Formulating it as a ML problem

Our goal is to find the most relevant ads. We are going to use a click as a proxy for relevance. Now the problem becomes predicting clicks and ranking the ads by the probability of getting clicked. We can frame this as a binary classification problem, where a positive label (y = 1) is when an ad that was shown (impressed) was clicked and a negative label (y = 0) is when an ad was shown and not clicked.

Formally, we want to predict prob(ad clicked when ad shown). Let’s call this pClick.

If ranking is all we cared about, as long as the ads are sorted by pClick, we would be done. For ads though, in the Auction we want to estimate the expected revenue by multiplying pClick by the bid. So we want pClick to be calibrated too. Ads have advertiser budgets and if pClick were to be systematically higher (or lower) we run the risk of exhausting (or not using up) the budget. Well calibrated predictions keep the Auction efficient.

Training Data

Our training data is going to come from historical user clicks on ad impressions. This gives us a large volume of data and we can happily build complex models. One thing to keep in mind is that click through rate for ads is very very low (< 1%). So this is an extremely unbalanced dataset and trying to train a model directly on this is not a good idea. The fix is to downsample the negative (y = 0) class by a factor of 10 or so. This gives us a much more balanced ratio of positives to negatives.

We use a time based split to create the train and test sets. Usually , we use several weeks of data to train, and then use the next day to test. To really mimic how the model is used in production, we can also create a rolling train & test split. We will discuss this in depth later.

It’s also a good idea to see if there are some very unusually active users in our data. If so, we can cap the number of impressions per user. This prevents the model from overfitting to a few highly active users.

Model Evaluation Metrics

Since we framed the problem as a binary classification problem, we are going to be optimizing for Log Loss (aka binary cross entropy)
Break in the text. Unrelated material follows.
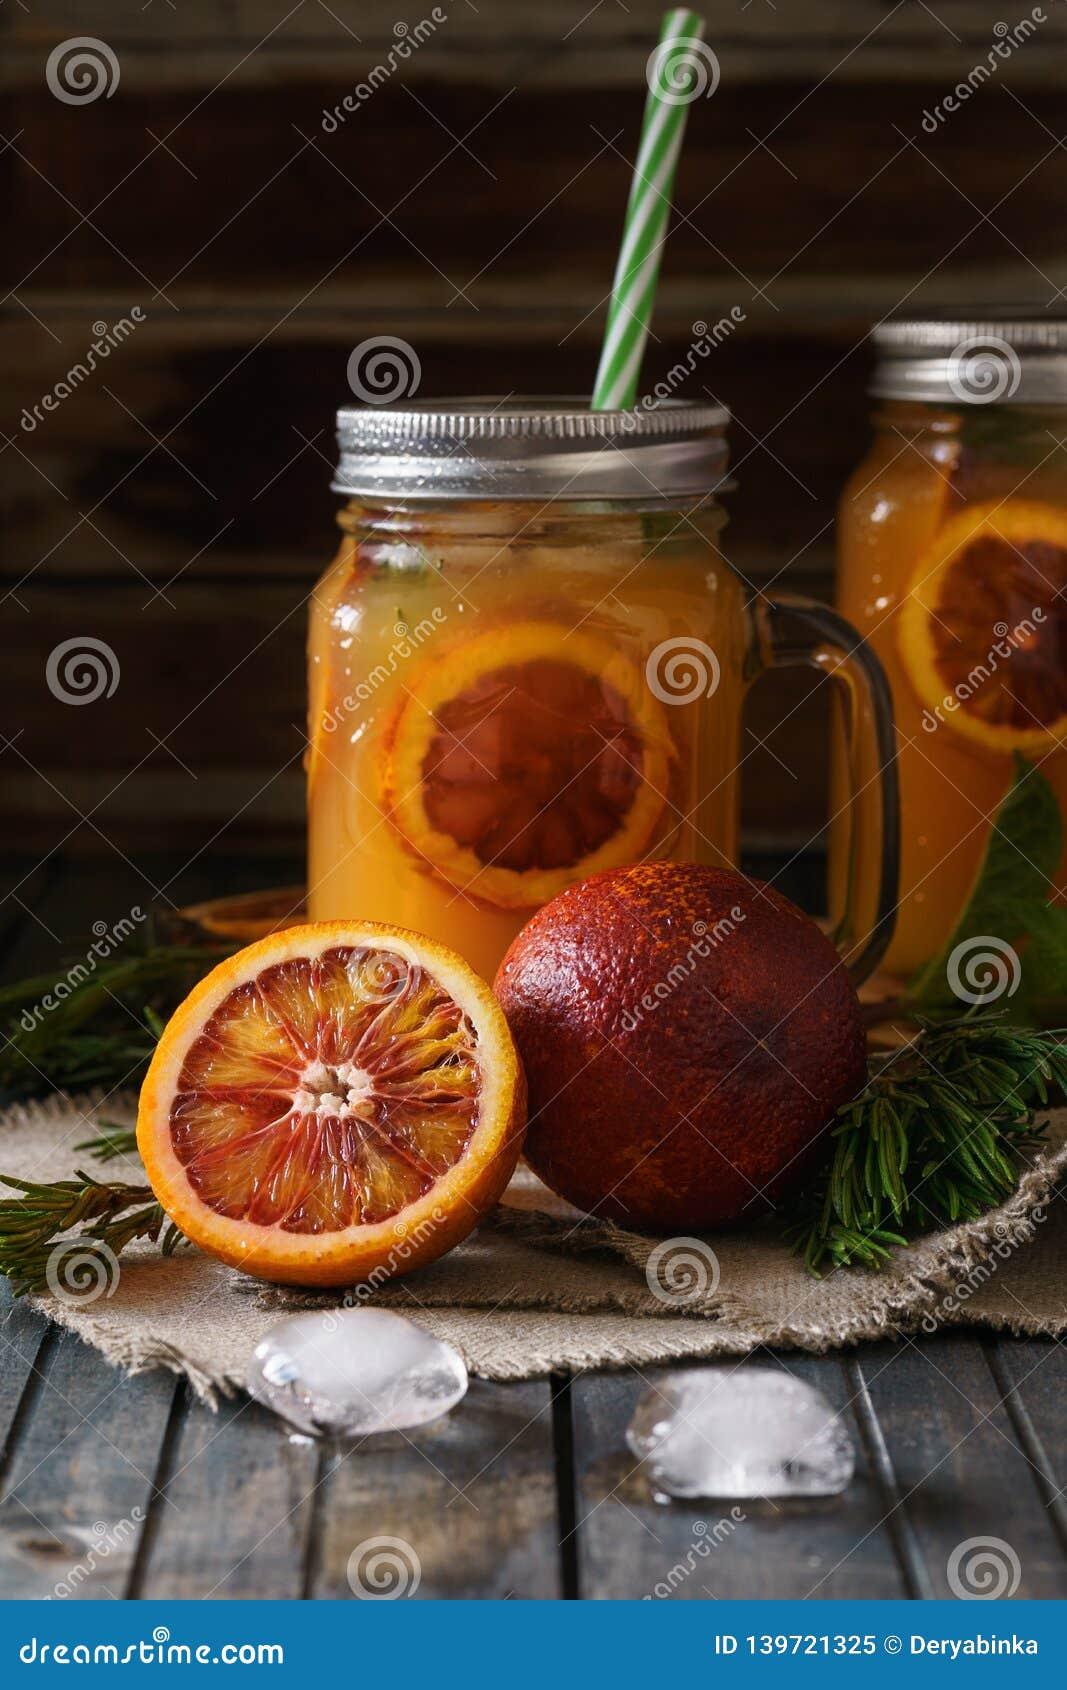 Blood orange juice with ice and orange slice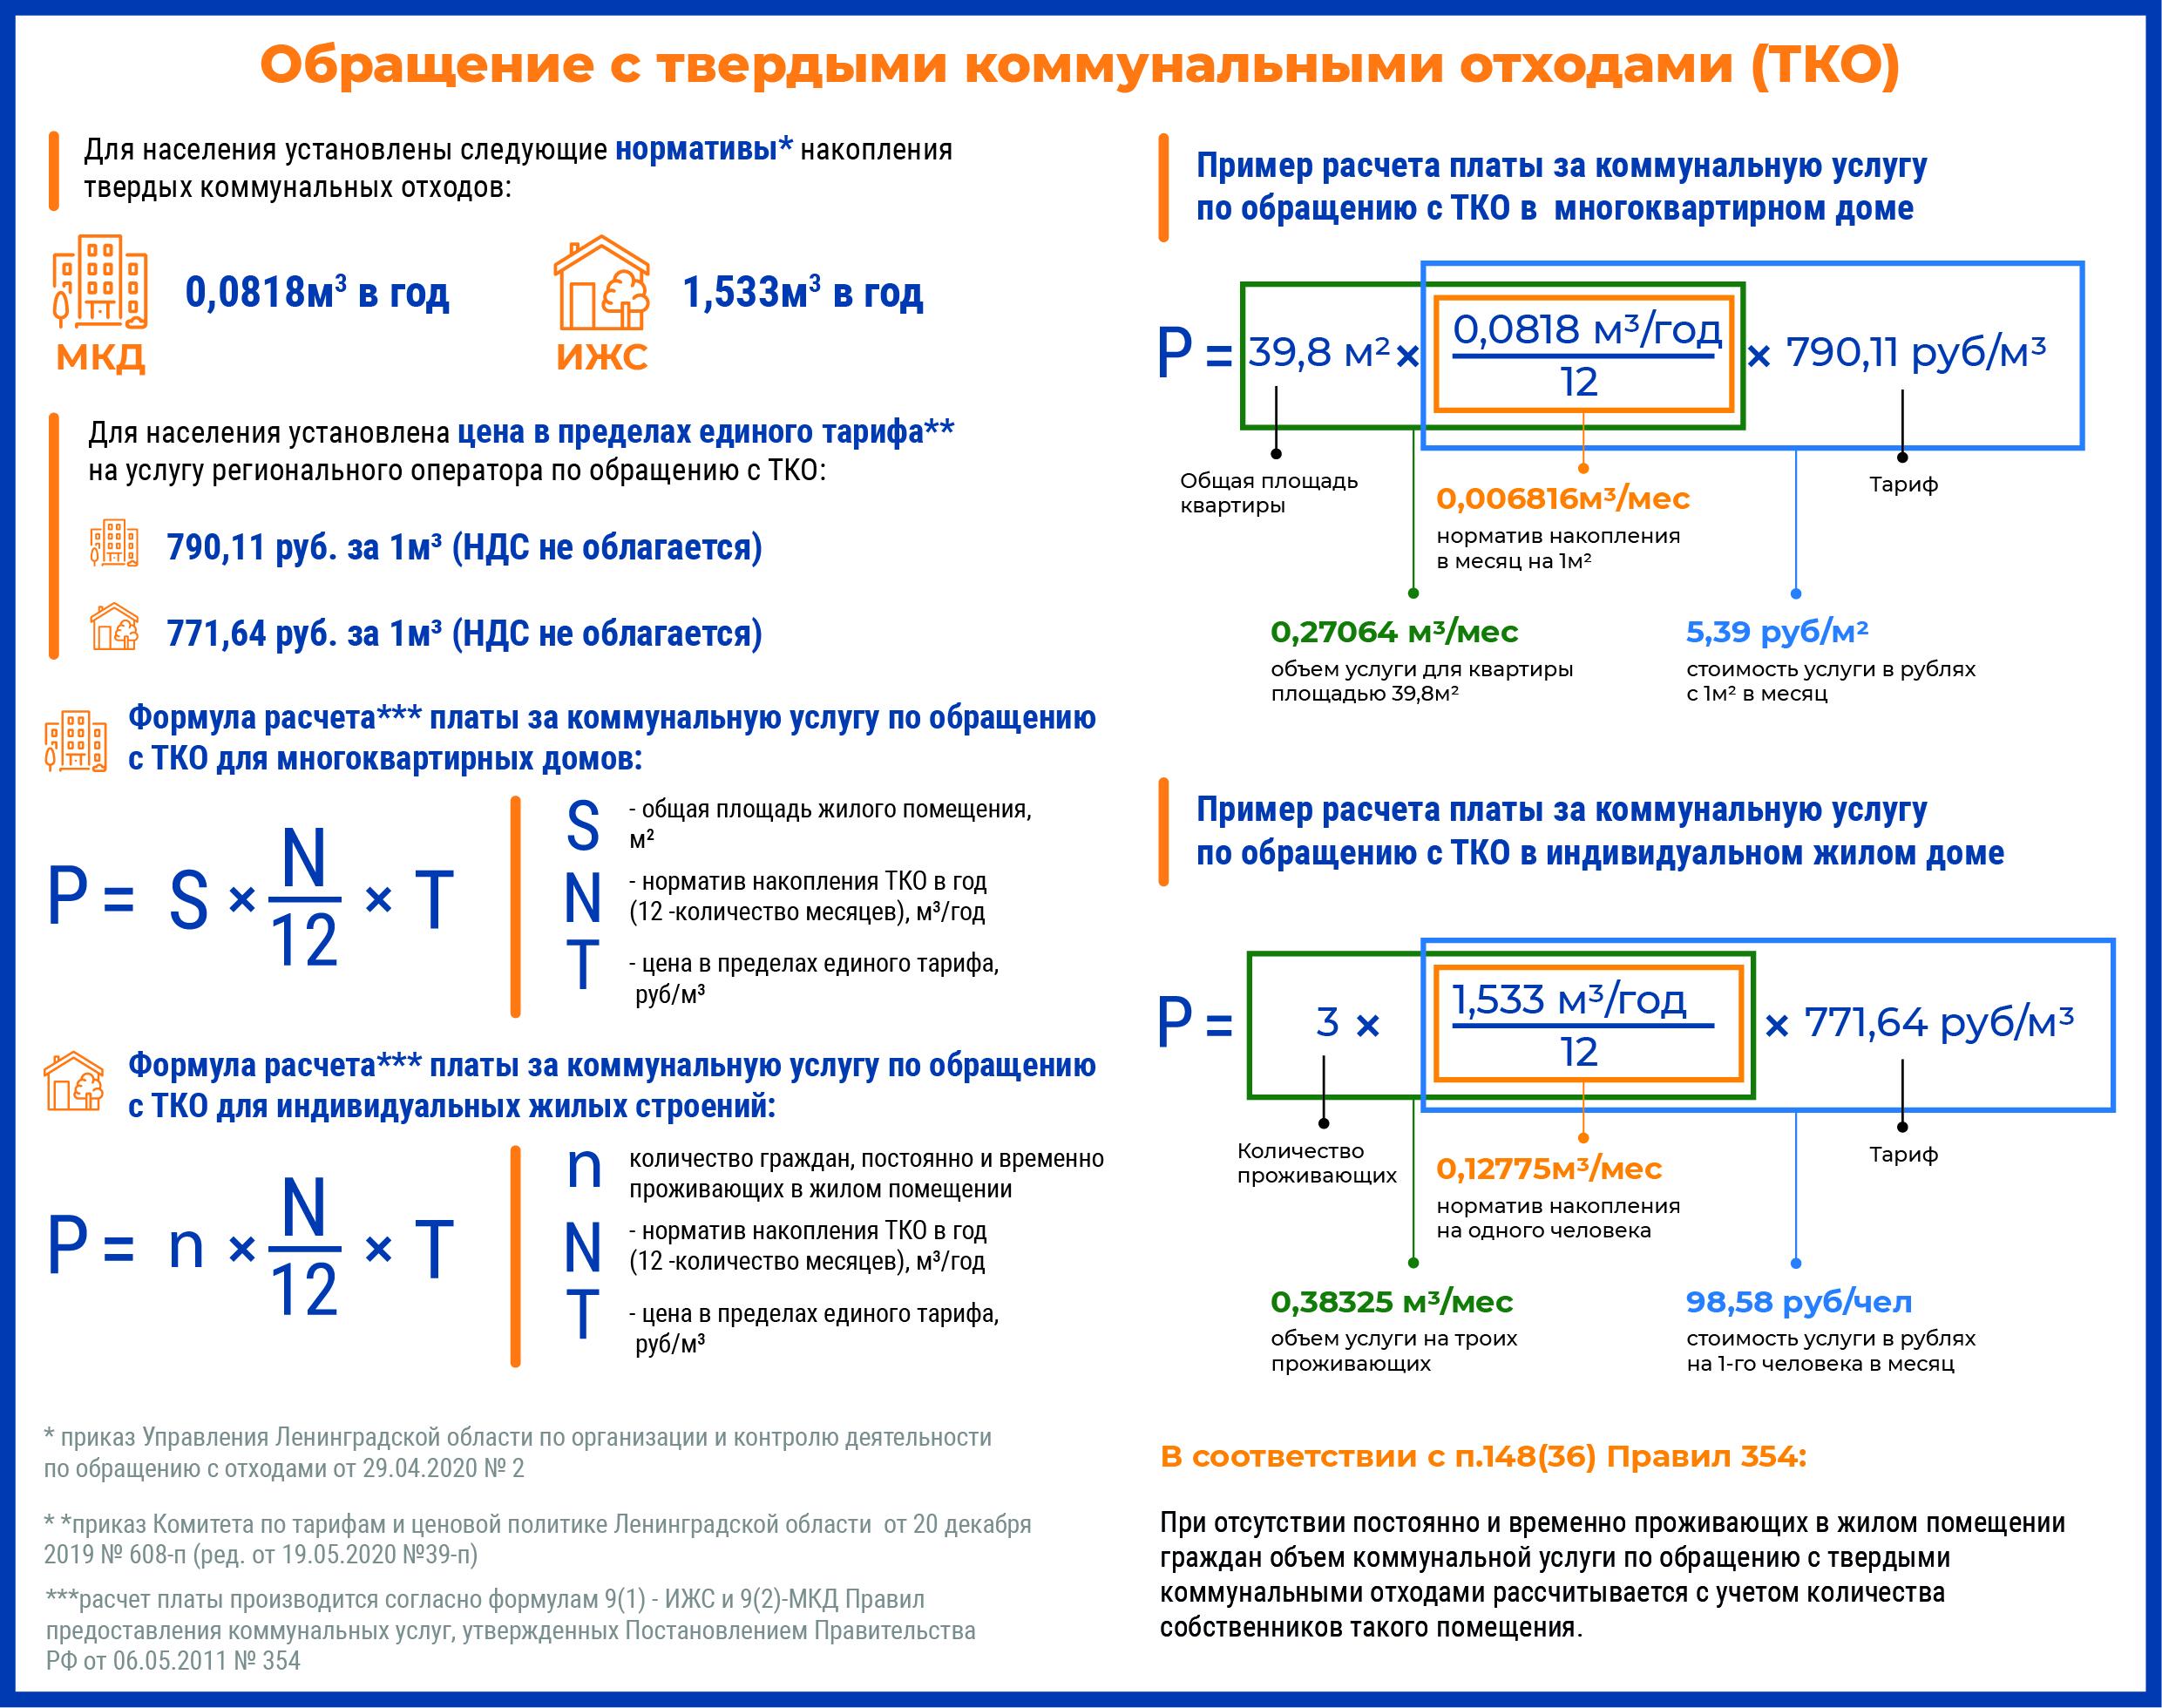 Услуга ТКО_сниженый норматив

Normalizing the log loss by the entropy of the empirical click through rate (CTR) is an even better metric, as it measures the relative improvement over just predicting the empirical CTR.

\[Normalized Log Loss = \frac{-\frac{1}{N}\sum_{i=1}^{N} y_{i}*log(p_i) + (1-y_i)*log(1-p_i)}{-(p*log(p) + (1-p)*log(1-p))}\]

where p (in the denominator) = empirical CTR

AUC is also a good metric to track, but it only captures the relative ordering of ad scores. To track how close the probability estimates are to the empirical CTR we measure calibration. Calibration is the ratio of the average pClick to the empirical CTR

$Calibration = \frac{\frac{1}{N}\sum p_i}{p}$

So the metrics we track are

Normalized Log Loss. Lower the better.
AUC under the true positive rate (tpr) vs false positive rate (fpr) curve. Higher the better.
Calibration. The closer it is to 1, the better

Models

Our strategy will be to optimize for LogLoss and Calibration in two separate models and then use a cascade of two models. The first is a Deep Learning (aka DL) base model where we plug in a whole lot of features. The goal of this model is to optimize for Log loss. DL models are known to be poorly calibrated and to fix that we have the second model which is a simple Logistic regression model which takes as input the output of the DL base model and a few other features.

The base DL model is large and could have hundreds of millions parameters. It is trained on a very large amount of historical data (several weeks) and then frozen. The calibration model takes only a handful of features and is trained on a much smaller amount of data (a few hours). Take a look at the model structure in the figure below.

Figure - A cascade of two models (only a few example features shown)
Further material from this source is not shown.